INSTRUCTIONS FOR THE TASK
The listing below should be copied in full, word for word.
----- INFORMATION SHOWN -----
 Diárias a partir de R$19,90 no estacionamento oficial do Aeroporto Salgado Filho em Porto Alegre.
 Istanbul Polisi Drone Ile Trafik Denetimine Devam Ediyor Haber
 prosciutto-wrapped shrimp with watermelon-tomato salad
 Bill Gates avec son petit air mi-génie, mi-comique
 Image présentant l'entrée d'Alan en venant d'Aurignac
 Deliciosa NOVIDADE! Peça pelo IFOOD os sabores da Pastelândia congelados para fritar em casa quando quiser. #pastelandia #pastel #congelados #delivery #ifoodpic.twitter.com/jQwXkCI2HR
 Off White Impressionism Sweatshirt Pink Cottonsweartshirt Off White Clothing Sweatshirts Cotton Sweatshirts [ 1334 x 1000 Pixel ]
-----
RESPONSE BOX
 Diárias a partir de R$19,90 no estacionamento oficial do Aeroporto Salgado Filho em Porto Alegre.
 Istanbul Polisi Drone Ile Trafik Denetimine Devam Ediyor Haber
 prosciutto-wrapped shrimp with watermelon-tomato salad
 Bill Gates avec son petit air mi-génie, mi-comique
 Image présentant l'entrée d'Alan en venant d'Aurignac
 Deliciosa NOVIDADE! Peça pelo IFOOD os sabores da Pastelândia congelados para fritar em casa quando quiser. #pastelandia #pastel #congelados #delivery #ifoodpic.twitter.com/jQwXkCI2HR
 Off White Impressionism Sweatshirt Pink Cottonsweartshirt Off White Clothing Sweatshirts Cotton Sweatshirts [ 1334 x 1000 Pixel ]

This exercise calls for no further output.